Вместо чая он пил настой смородинного листа, разбавляя его кипятком. О настое Гааз отзывался в самых превосходных степенях, особо отмечая его благотворное влияние на успокоение нервов и пищеварение. В отличие от Федора Петровича старый его слуга и кучер Егор смородинный настой терпеть не мог, называл отравой и сиделке Полицейской больницы Настасье Лукиничне жаловался, что барин совсем спятил. Чай-де ему не по карману, брюзжал Егор, а Настасья Лукинична, полная, добрая, опрятная женщина в белом платке сочувственно вздыхала и пододвигала ему чашку чая и кусочек сахара. Вольно ему всякую копейку тащить своим каторжникам. Он хоть и стал русским, но все равно немец. Что ж нам, в Москве, чаю совсем не пить, что ли?
К смородинному настою Федор Петрович с угрызением совести позволял себе две-три ложечки любимого им с детства вишневого варенья, вкус которого всегда омывал сердце теплой нежной волной. Как будто где-то рядом в просторной, сверкающей чистотой кухне в большом медном тазу матушка варила варенье, отчего по всему дому расплывался чудный свежий сладкий запах давшей сок вишни. Низко гудела прилетевшая на запах пчела. Он взмахнул рукой, сгоняя ее с блюдечка, и задумчиво смотрел, как она, покружившись, громко стукнувшись об оконное стекло и передохнув на подоконнике, нашла открытую форточку и улетела к липам Мало-Казенного переулка. Ногой толкнув дверь, вошел Егор с тарелочкой жидкой гречневой каши, чуть подбеленной молоком.
— Кошки ноне лутше едят, — буркнул он.
Федор Петрович безмолвно принялся за кашу.
— Вы… того… не спешите… Куды спешить-то? Обождут.
— А что, — между двумя ложками осведомился Гааз, — пришли?
— Старуха, а с ей внучек, должно быть. Я велел ожидать. Припрутся ни свет ни заря, а ты для них все бросай.

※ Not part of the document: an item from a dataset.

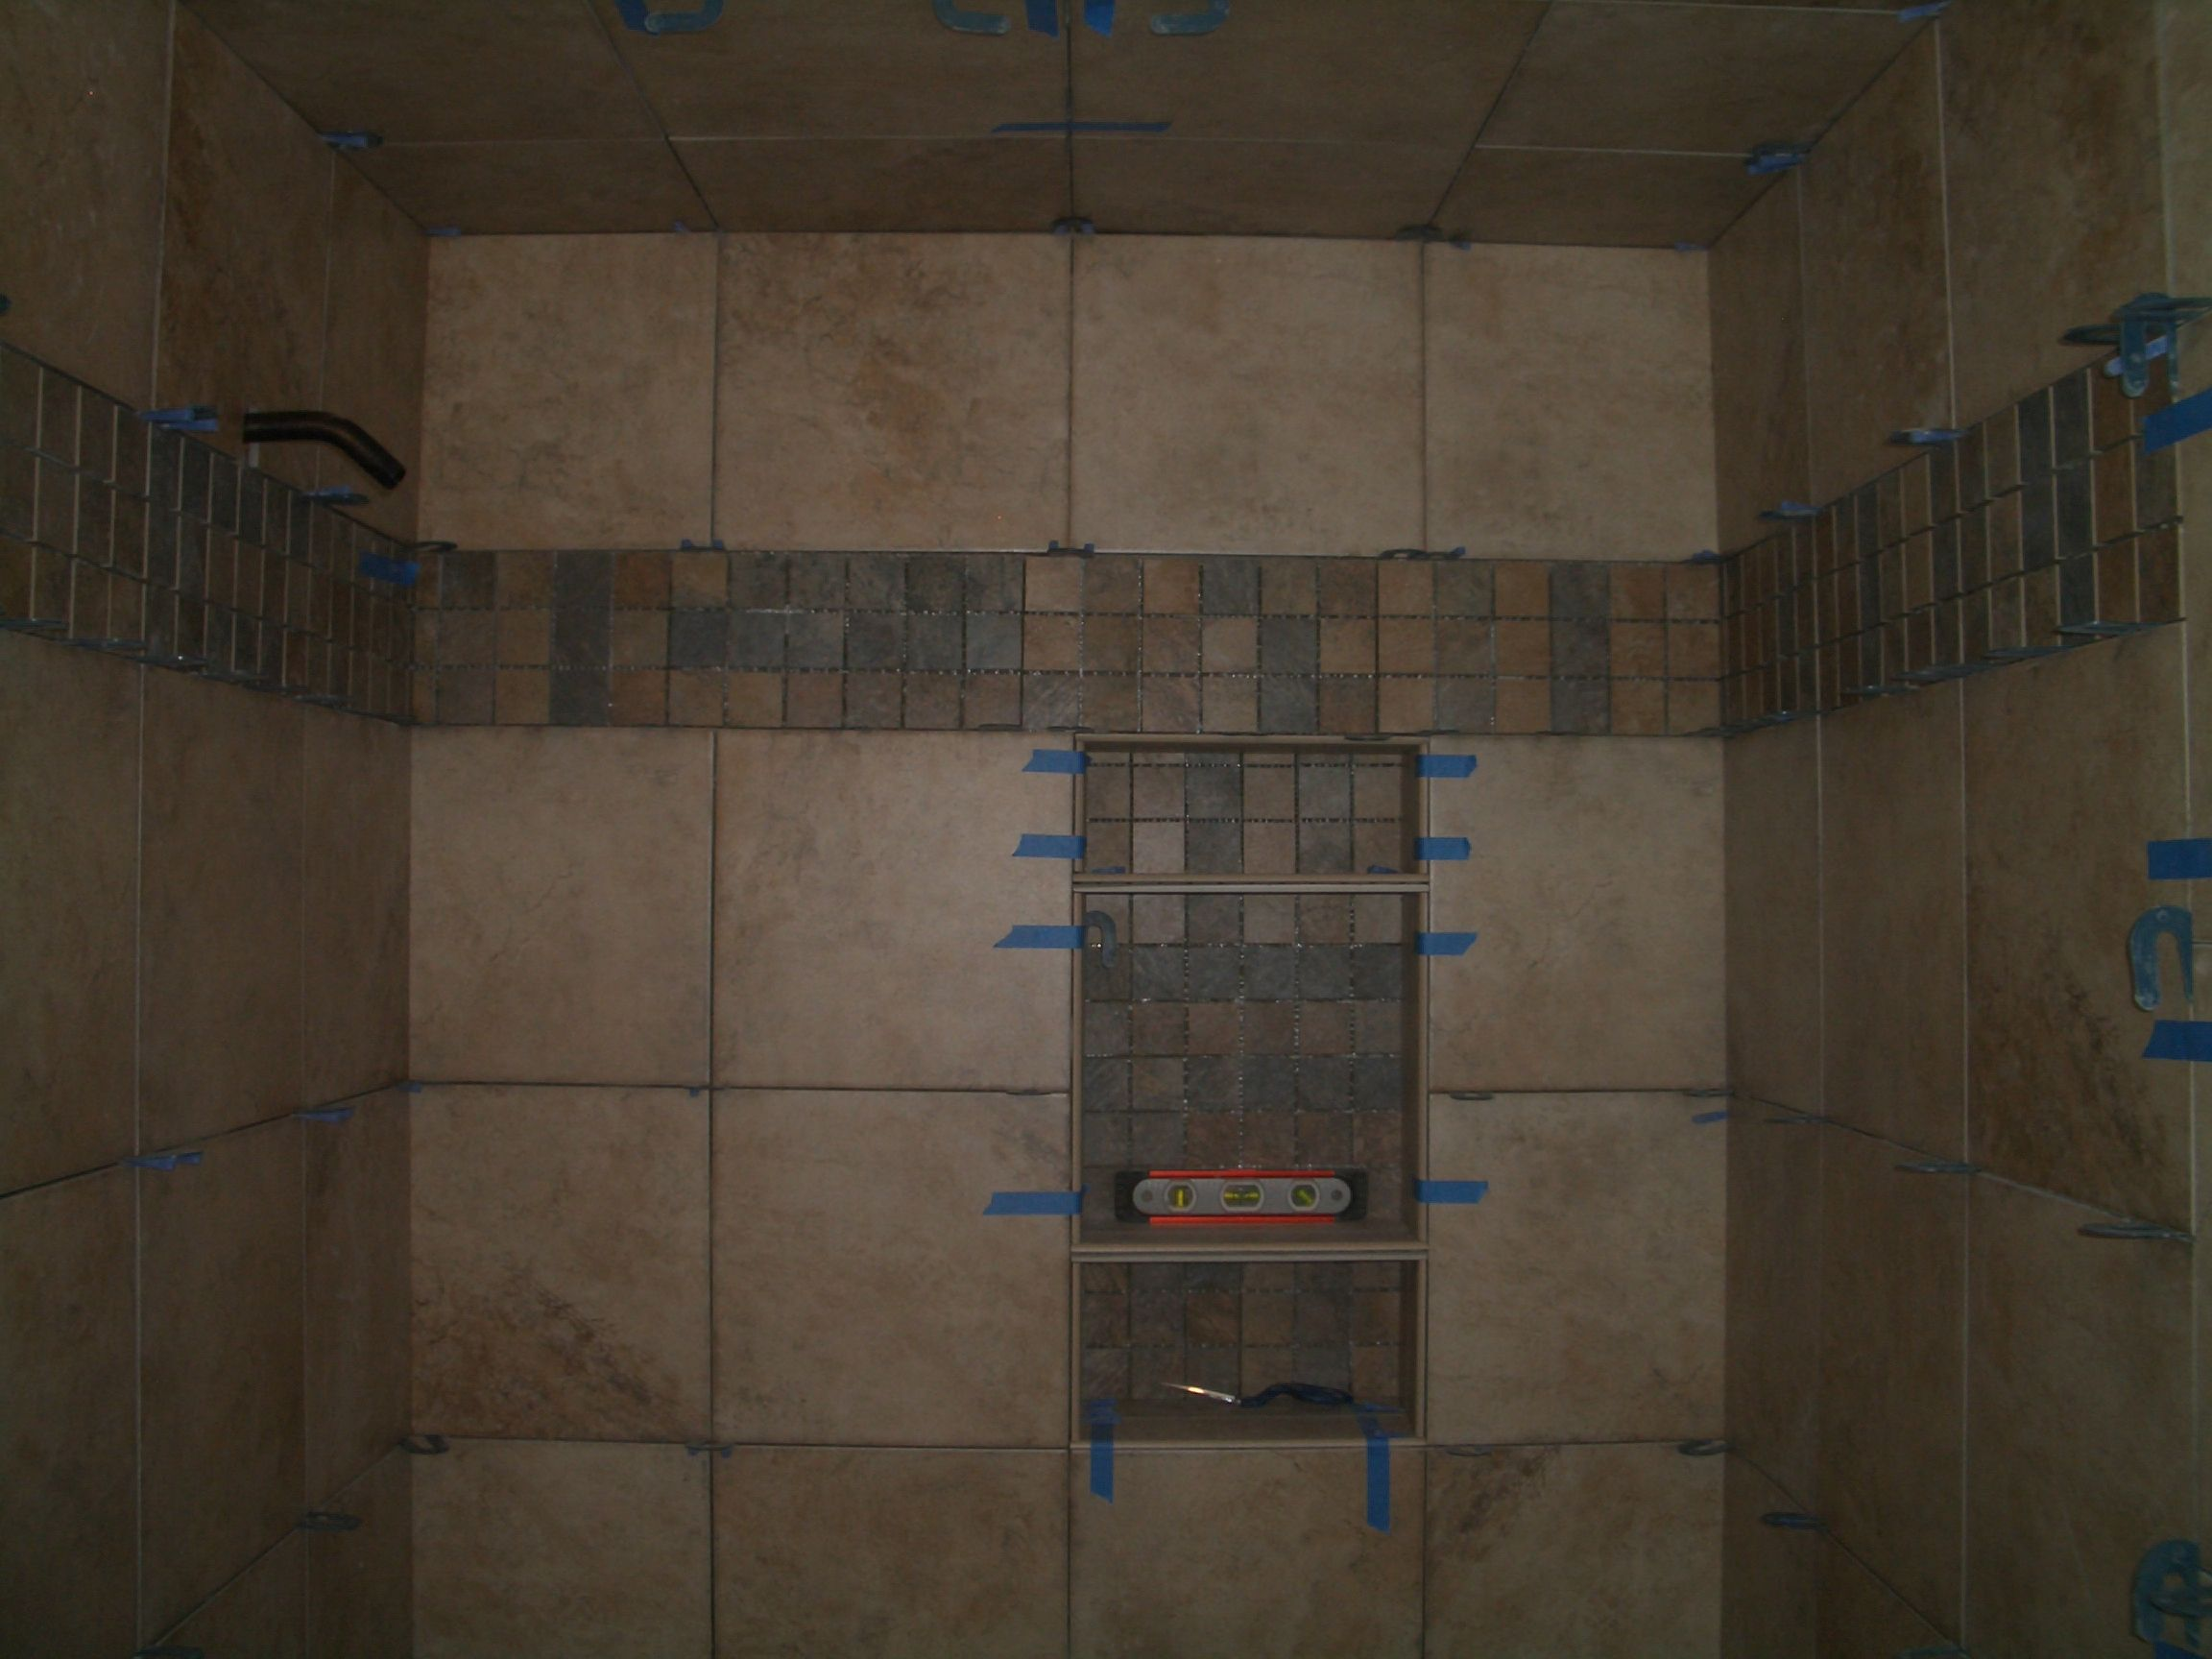 Shower tiles Bathroom Remodel Ideas Tile installation

Федор Петрович взглянул на часы. Они висели на стене, справа, над книжным шкафом. Маятник со стуком отбивал неостановимый ход времени, повторяя, вразумляя и наставляя: как здесь, так и там, как здесь, так и там… Давно собирался попросить, чтобы эти слова были написаны, а лучше — вырезаны в полукруг над циферблатом. Как здесь, так и там. Только что показывали семь, а уже восьмого часа пять минут. Куда ты стремишься, жизнь? Рядом с часами помещены были два портрета. С одного проницательно и несколько насмешливо взирал на Федора Петровича и его скромнейшую трапезу пожилой господин во фраке лондонского дыма, то бишь дымчато-сером, с золотыми пуговицами, рубашке со стоячим воротником и белом батистовом галстуке, завязанном бантом. На втором чуть наморщил лоб почтенный генерал в мундире с эполетами, аксельбантами, звездами и крестами на груди, но с лицом удивительно добрым и уж совсем не воинственным. Господин во фраке был Зотов Николай Николаевич, граф, вольнодумец, не признававший ни Бога, ни черта, ни рая, ни ада и донимавший Федора Петровича едкими речами о промахах Божественного промысла. Экая вокруг гадость, брезгливо поджимая губы, говаривал он, экие мелкие, скверные, злобные людишки. И куда, спрашивается, глядел ваш Творец, когда велел им плодиться и размножаться? Славный же генерал был Бутурлин Николай Григорьевич, многих войн и боевых походов участник, с которым Федор Петрович познакомился пропасть лет назад, в Смоленске, в тринадцатом, кажется, году, когда милостью Божией и, увы, превеликой кровью гнали Буонопарта из России. Оба они были Гаазу не только задушевными друзьями, но и великими благотворителями, из чьих неоскудевающих рук он бессчетно черпал для своих арестантов и больных. Творивших добро да примет их Господь Бог во Царствие Своем. Оба ушли и доподлинно узнали, что как жил здесь, на земле, так будет тебе и там, на небе.